Two writers….
“Then he set off with his new master through the steep slanting forests of the mountain isle, through the leaves and the shadows of bright autumn”. So ends the first chapter of ‘A Wizard of Earthsea’ by Ursula K. Le Guin. The young boy Ged sets off to learn to be a wizard and so fulfil his destiny and his world opens up in front of him with all its light and all its darkness. I was saddened to learn of the death of Le Guin at the age of 88 and it is hard to think that there will be no more books from her far reaching imagination. She was one of the many writers I started to read in my late teens and twenties as I was hoovering up science fiction like the nerd I have always been. For classic space opera it was Robert Heinlein and James Blish, Thomas Disch, Philip K. Dick and Samuel Delany’s novel ‘Dhalgren’ provided the experimental stuff but for sheer poetry it was always Ray Bradbury and UKLG.
My trends in reading have come and gone, and my tastes have changed but Le Guin’s stories have always entranced me. I think of the world of Winter that she created for her novel ‘The Left Hand of Darkness’, with its ambisexual inhabitants who only assume a gender in order to reproduce, the horror of totalitarianism and the striking love story at the heart of the book.
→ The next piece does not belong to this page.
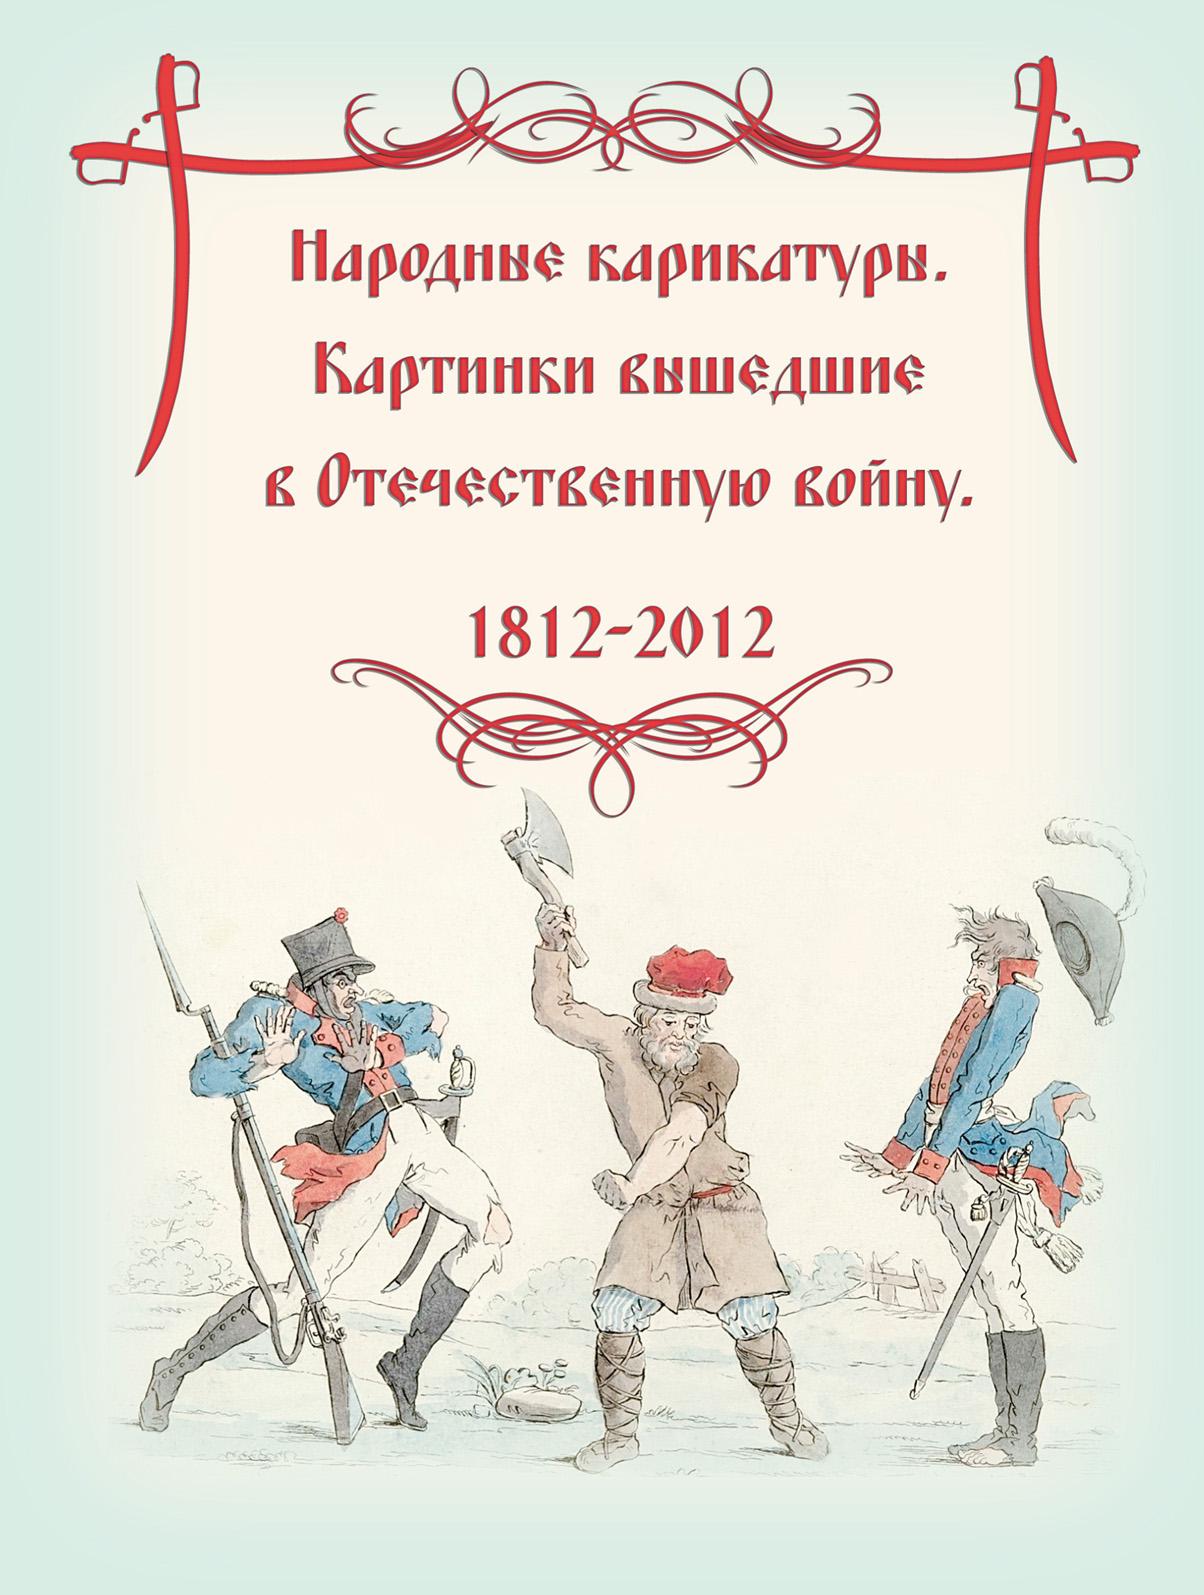 Народные карикатуры. Картинки вышедшие в Отечественную войну

Then there is her chilling allegory for environmental degradation and the Vietnam War ‘The Word for World is Forest’, and ‘The Dispossessed’ (subtitled ‘An Ambiguous Utopia’), a marvellous political story about science, community and the ways that very different societies interact. Or there are her short stories she recently collected in two volumes (‘The Unreal and the Real’). It really is difficult to choose which books to recommend because her vision is so deep and so rich. My copy of the novella ‘Forest’ is included in Harlan Ellison’s ground-breaking 1976 anthology ‘Again, Dangerous Visions’ and Ellison’s affectionate foreword to the story refers to Le Guin’s kindness to her fellow writers and her fearlessness as a female writer in a (mainly) masculine world. The musician Sting once recounted meeting the great Gil Evans and singing with his orchestra in a small New York club – he said it was a bit like meeting a wise and benevolent being from Star Trek. I think of Le Guin a bit like that, her poise and imagination contains a wisdom that is both here and also beyond.
I also remember an interview she gave to the writer China Mieville on BBC Radio 4 on the occasion of her 80th birthday where she was revealed as gracious and witty and someone whose vision remained vital and undimmed by age. I taped the programme when it first came out and hearing of her death I was digging through my shoe-boxes to find the tape and enjoy it again. Out of the many stories she wrote Le Guin knew above all that science fiction could be a way to tell a good story and reflect of issues of race, gender and technology and as Margaret Atwood recently observed “Science fiction is always really about now. What else could it be about?”
Another of my favourite writers passed away recently; in the overcrowded world of crime fiction Sue Grafton is known principally for her series of ‘alphabet’ novels featuring the private investigator Kinsey Millhone. Ms Millhone is an individual and determinedly independent detective who takes no prisoners in her scrupulous investigations. A series with continuing characters can be prone to routine and formula but because Sue Grafton set these books just as determinedly in the pre- internet and mobile age so Kinsey has to solve her cases the old fashioned way, this perspective makes these stories individual and compelling because the reader has to enter that almost forgotten time before technology ruled our lives. Given a cast of a characters and a sympathetic heroine you have a near perfect formula.
In my opinion Kinsey is as near to an old fashioned gumshoe as you can get since the age of Chandler and Hammett. She doggedly follows every lead and works hard to bring justice to her clients. Every book from ‘A is for Alibi’ to ‘Y is for Yesterday’ has its fair share of thrills and spills and the darkness that inevitably comes with dealing with crime. But now the series is over, and the saddest words I read in the statement made by Sue Grafton’s family were that, apart from the passing of a great writer, in her case, the alphabet would end with ‘Y’ as nobody else would finish the sequence!
Two voices stilled, but the books remain. Rest in peace.